Saturday, July 9, 2016

And Again. . .

48 hours and 2 more black men murdered.  I am probably the most positive person on the planet.  "Sail your ship with positivity" has been laughingly declared by my family to be my personal motto.  But I have no positivity tonight.  I have anger. I have fear.  I have an overwhelming sense of helplessness.

The repeated unwarranted killing of people of color keeps replaying like some bizarre twisted version of that old movie Ground Hog Day.  And I don't know what to do.  I don't know what to do to keep my children safe.  I literally don't go to sleep till I know Rob is home from work.  I have turned this into my reading time and I do enjoy that. But keeping things honest?  I am worried that something would happen and i would not know till there was a knock on the door.  I don't want to miss a call, a text, a chance to try and help if the need arose.

I worry that my kids, despite my oft repeated dictates of what to do if an officer stops, will push the envelope.  They are good kids. But they are kids.  At Rob's age, despite all my comments to the contrary, he is sure he is immortal.  I was his age.  I was once immortal too.  But I am white.  And while I have faced discrimination in regards to my gender or sexual identity, I have not been targeted the way people of color are.  I don't have to worry about DWB.

In a rather shocking wake up call I recently watched a video to share to my son's wall on how to make it home alive if a POC is pulled over by the police.  One of the tips?  Keep your license and registration on the dash or the visor or the cup holder.  Reaching for a wallet can be interpreted as reaching for a weapon.  In my white privilege world,I can keep those two items where ever I choose as long as I can reach them from the drivers seat of my vehicle.  My questions to police officers when I am pulled over are answered with courtesy as long as I ask with courtesy.  (disclaimer:  I received my first moving violation in 25 years because I got wildly confused at a round about over Memorial Day weekend.)  I honestly had to ask the officer what I did wrong as I knew speed was not a factor.

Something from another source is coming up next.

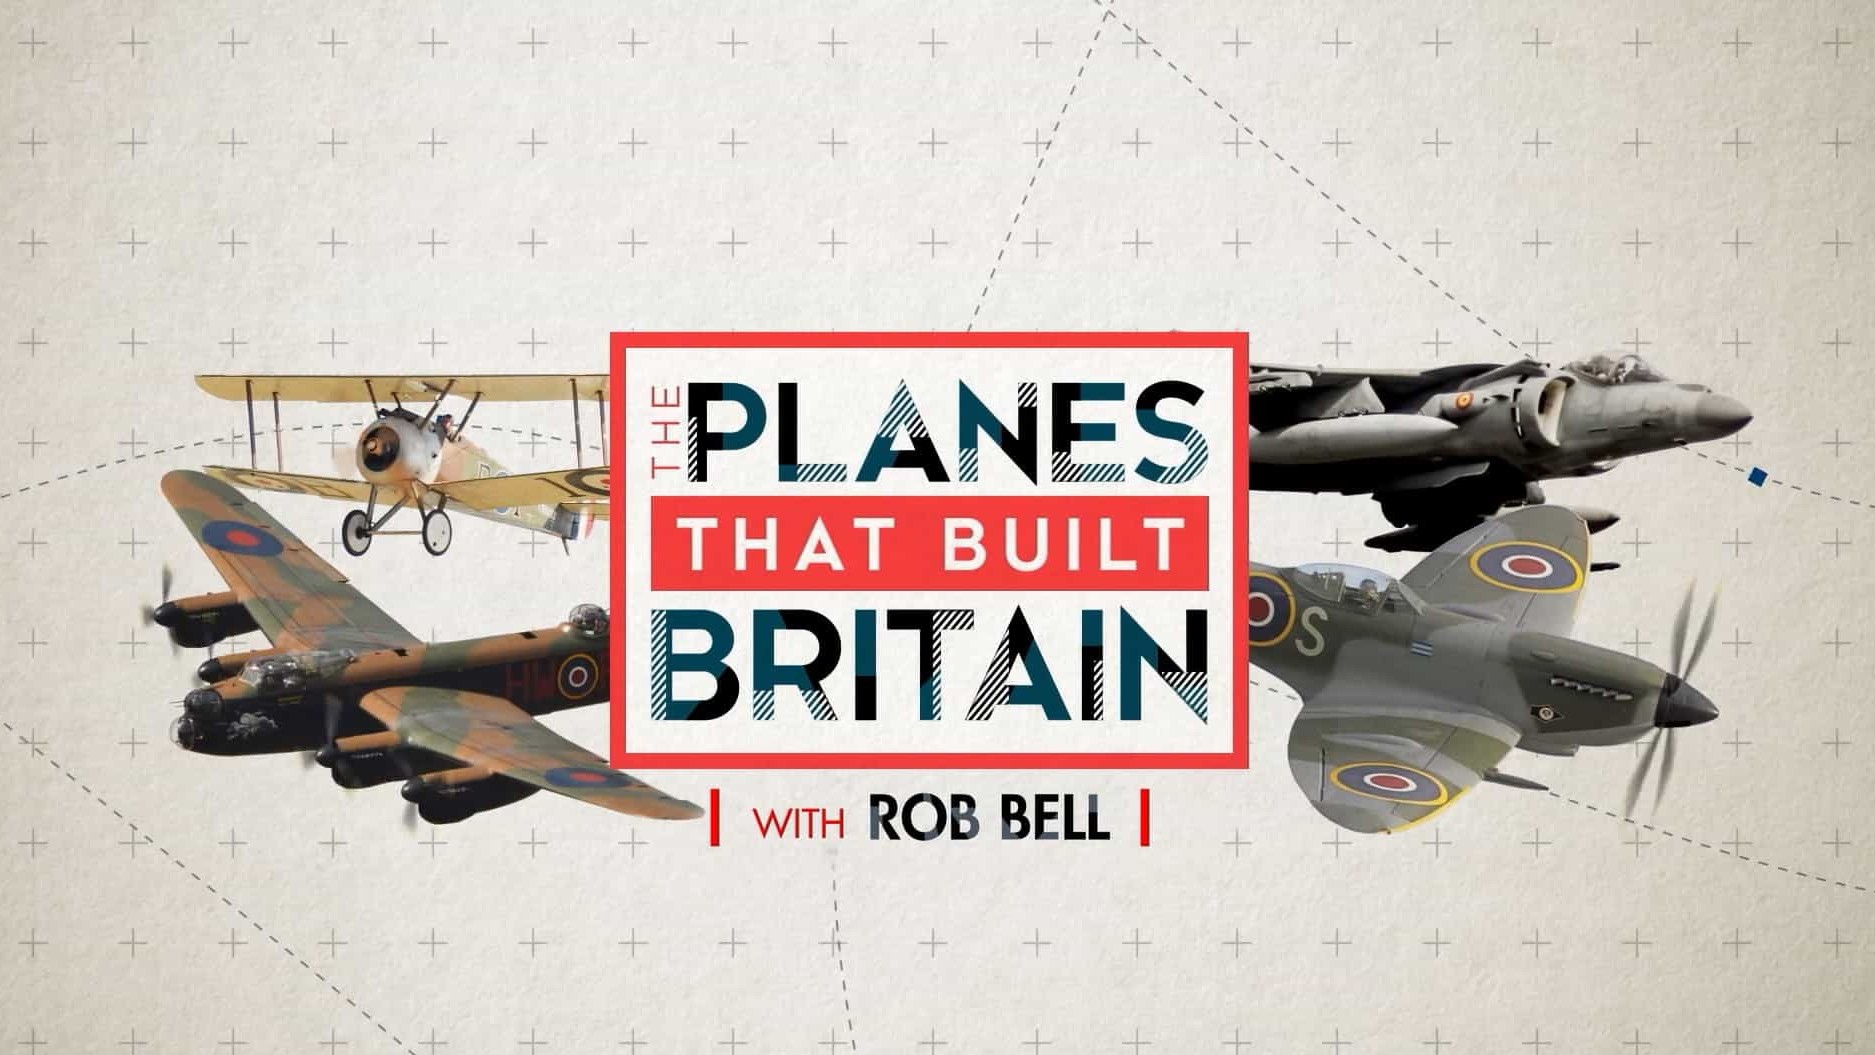 Ch5纪录片《塑造英国的飞机 The Planes That Built Britain with Rob Bell 2022》第1季全4集 英语中英双字 1080P高清网盘下载

Will the video save his life?  I have no idea.  All I can do is try and that feels so much like tilting at windmills these days.


I am frightened by the fact that I can't come up with an action plan.   This is so systemic and so big, I can't figure out what to do to help change to come about. I am not a stick my head in the sand kind of gal.  But Facebook meme's are woefully inadequate.  Roll calls of the killed scroll through my feeds. I worry that someday one of my kids, or one of my extended family will be on the internet with a "Say their name, don't forget" tag.    But the pictures, the stories, most woefully the same,  somehow this is not scrolling through the minds and hearts of people who do have the power.

I was brought up to respect officers of the law.  And I know many officers in the city I live and work in.  I like them. I respect them.  But I look at them and wonder what they will see if my son walking home from work at midnight.  I am tired of dash cams going silent, body cams mysteriously loosening and not filming.  I am tired of  reading the dirt that gets thrown into the fray after every shooting.  Rap sheets from years past, as if prior mistakes justify death today.

I actually don't even know how to finish this post, that's how saddened and fearful my spirit is at this moment.